قَالَ رَبِّ (QAvLa RabBı) “Rabbim, dedi.”
“Rabbim” diye cevap veriyor. Nida meleklerden geldiği halde, cevabı doğrudan Allah’a vermektedir. “Rabbim” demektedir. Allah kendisi tebliğ yaparken meleklerle yapıyor, cevap alırken ise aracı kullanmamaktadır. Doğrudan Allah’a dua etmektedir. Allah’ın insana doğrudan hitap etmeyip melekle hitap etmesi, Allah’ın hitabına insanın tahammül edememesidir. Sonra Allah insanlardan birlik olmalarını istemektedir. Kanunlar, talimatlar, merkezden görevliler tarafından ulaştırılacaktır. Herkes görevini yapacak, hesabını doğrudan Allah’a yani hakemlere verecektir. Burada bize bu öğretilmektedir. Merkezden haberler ayrı kanallardan gider, dönüş ise ayrı kanallardan olur. Elçiyle cevap geri çevrilmez. Mesela, Türkiye Amerika’ya Türk elçisi ile haber gönderir, Amerika da kendi elçisiyle cevap verir. Allah bize bu sistemi öğretmektedir. İnsanın gerek damarlarında, gerek diğer sistemlerinde de böyle çift yönlü ayrı kanallar vardır.
أَنَّى يَكُونُ لِي غُلَامٌ (EanNAv YaKUvNu LIy ĞuLAvMun) “Benim nereden gulamım olacak?”
Zekeriyya (a.s.) baştan dua etmiş, burada ise “Nereden çocuğum olacaktır?” demiştir. Burada mümkün değil, olmaz, şeklinde sual olmayıp; sadece nasıl olacağını öğrenmek içindir. Yani, bu nasıl gerçekleşecektir? Mahiyetini öğrenmektedir. O halde aklın ermediği hususlarda Allah’tan bilgi alınmasını isteme hakkı vardır. Halkın da devletten akla aykırı yahut kurallara aykırı hükümlerle karşılaştığı zaman itiraz hakları vardır. Üstlerin söylediklerinde anormallik olunca sual sormaya yetkileri vardır .
وَقَدْ بَلَغَنِي الْكِبَرُ (Va QaD BaLaĞaNIy KiBaRu) “Kebirlik bana baliğ olmuştur.”
“Yaşlılık bana ulaşmıştır.” “Ben yaşlılığa baliğ oldum.” denmiyor. “Yaşlılık bana baliğ oldu” deniyor.
Üç boyutlu uzayımız beş boyutlu uzay içinde kaymakta ve zaman boyutu içinde dört boyutlu uzayı oluşturmaktadır. Bu iki şekilde mümkün olabilmektedir. Ya biz trende olduğu gibi hareket ederiz, değişik yerleri görerek zamanımızı yaşarız; yahut filimde olduğu gibi biz yerimizde dururuz, zaman bize doğru gelir ve yaşarız.

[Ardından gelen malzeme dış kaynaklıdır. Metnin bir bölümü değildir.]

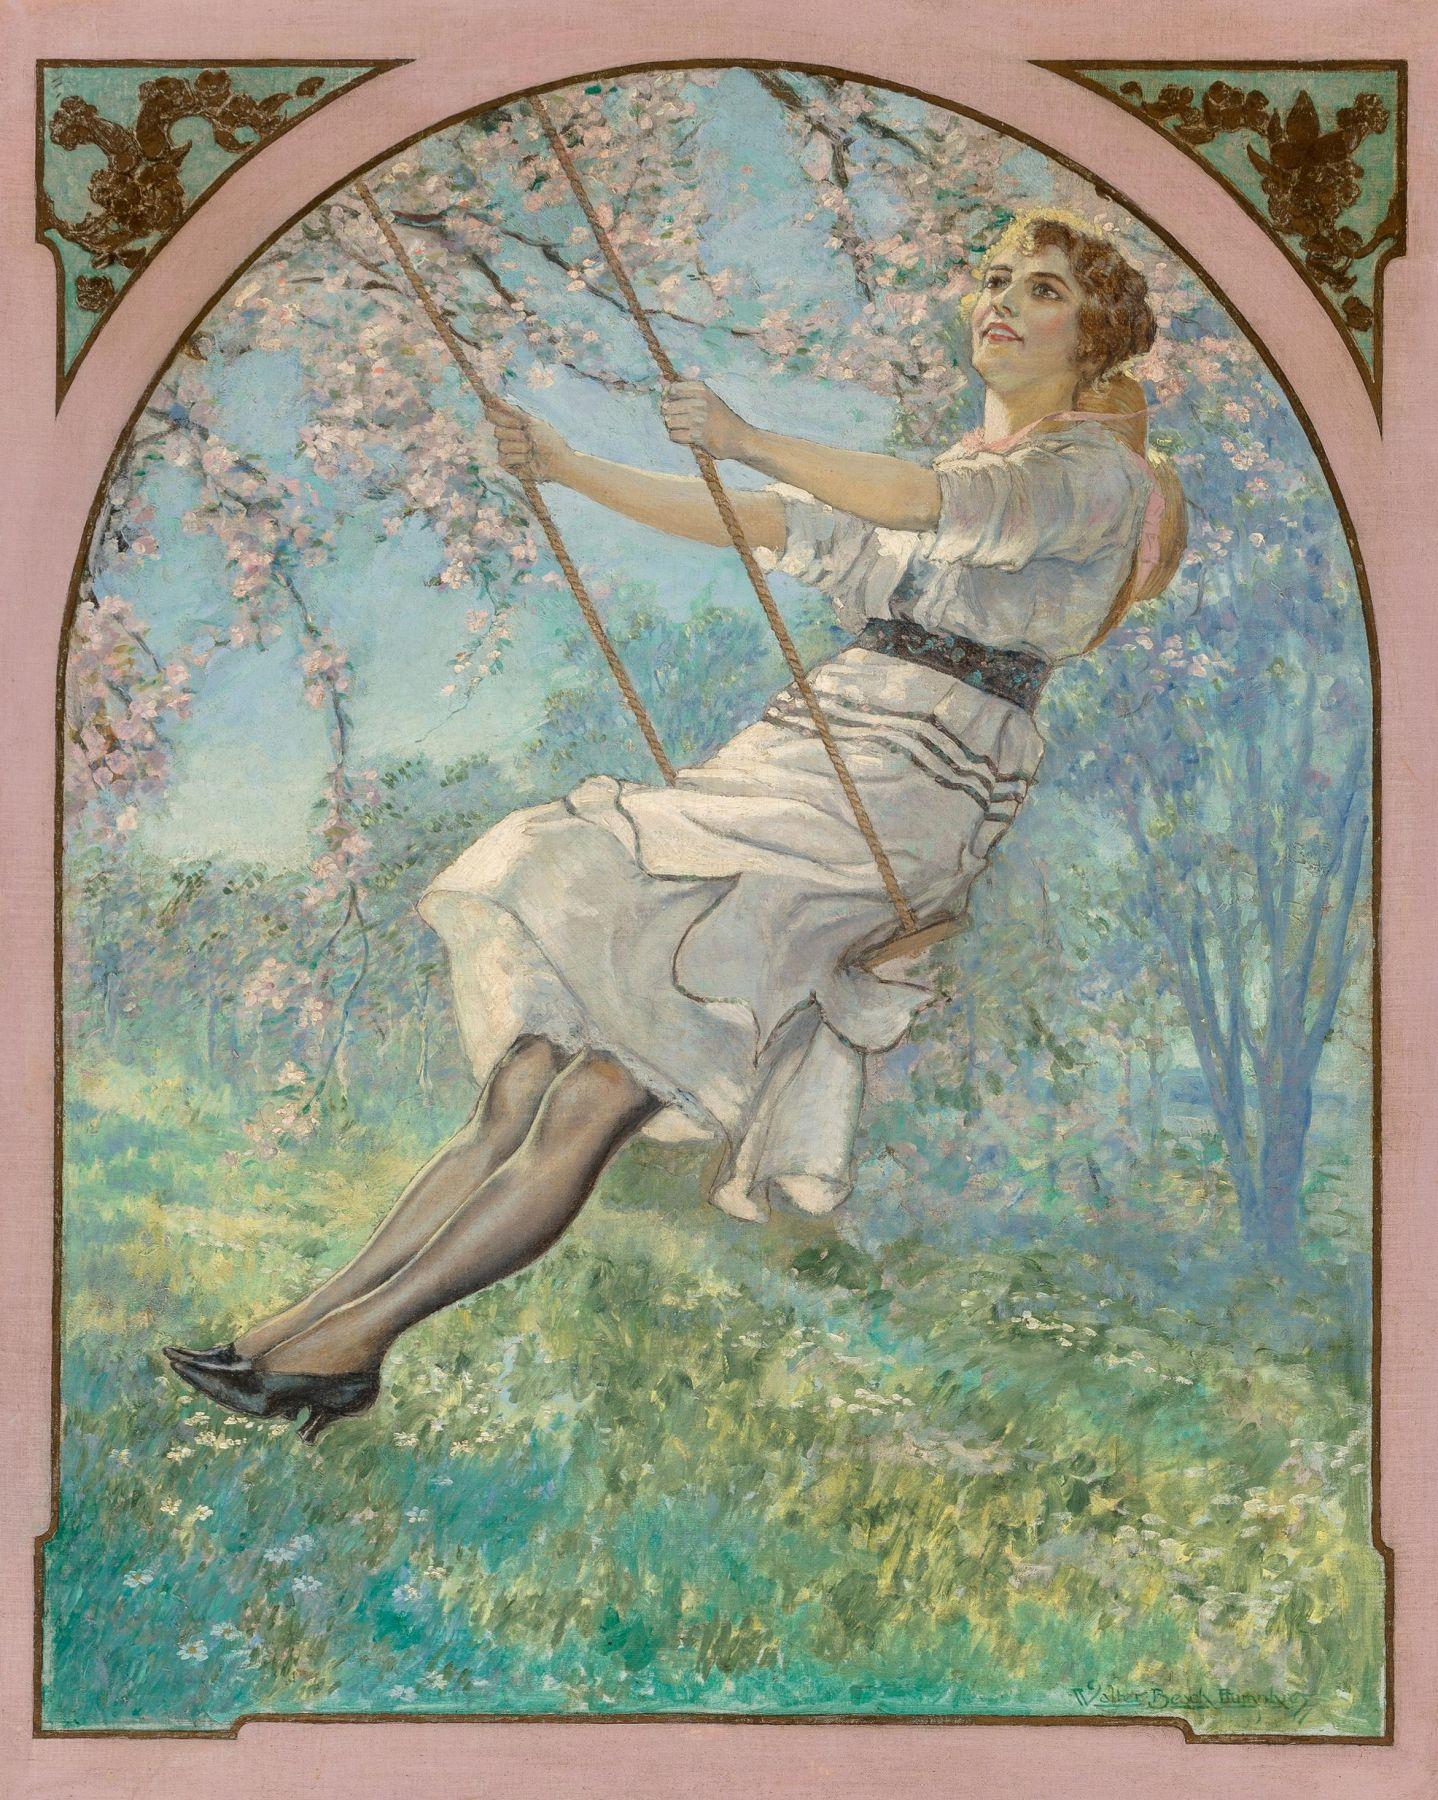 Walter Beach Humphrey Figurative Painting - Lady on Swing

Bu âyet zamanın bize geldiğini, bizim zamana doğru gitmemekte olduğumuzu gösterir. Hareketi bu şekilde düşünmek daha zor ise de, ruhun zaman dışında hareketini düşünmek de aynı derecede zordur.
Yaşlılıkta insandaki çoğalma uzuvlarında çökme başlar. Menideki sperm sayısı azalır, rahimde yeter derecede yayılarak yumurtayı bulmak kabiliyeti zayıflar. Az olunca da bulma şansı azalmaktadır. İhtimaliyat içinde bulunmaktadır. Bugün özel döllendirme aracı ile az sperm ile de döllenme meydana gelmektedir. Yumurta için de aynı şey söylenebilir. Yumurtalık tamamen ölmemekte, sadece çalışmaz duruma gelmektedir. Özel hormonlarla canlandırmak mümkün olabilir.
Doktorların yapabildiğini onu var eden Allah tarafından yapılamayacağını sanmak her halde gülünecek bir şey olsa gerektir. Allah bize irade veriyor, kullandırıyor da, kendisi iradesizdir demek kadar acayip söz olabilir mi? Hz. Zekeriyya peygamber burada bu kurallar ne olacak diyor. Yoksa senin gücün yetmez anlamında söylemiş olmayabilir. Bir de insan yanlış bilebilir. Bu peygamberler için de böyledir, mü’minler için de böyledir. Amele etki etmeyen gayb sorumluluk taşımaz. Öğrenmek için sormak ise hiç taşımaz. Soru ne kadar saçma olursa olsun, öğrenmek için olunca makbul olur.
وَامْرَأَتِي عَاقِرٌ “Mer’em de akırdır. Karım da kısırdır.”
Yaşlanıncaya kadar çocuk doğurmamıştır. Kısırdır. Yani kız çocuğu da yoktur. Ölmüş çocuğu da yoktur. Kısırdır. Allah’a bunları anlatması, bir insan ile konuşur gibi konuşması, başka türlü konuşmanın insan için mümkün olmamasındandır. Sonra peygamber görevini yaparken insanlara örnek olmak üzere yaparlar. Bunu böyle söylemese bize nasıl anlatılacaktır. Peygamber insanın kafasındaki soruları dile getirmektedir.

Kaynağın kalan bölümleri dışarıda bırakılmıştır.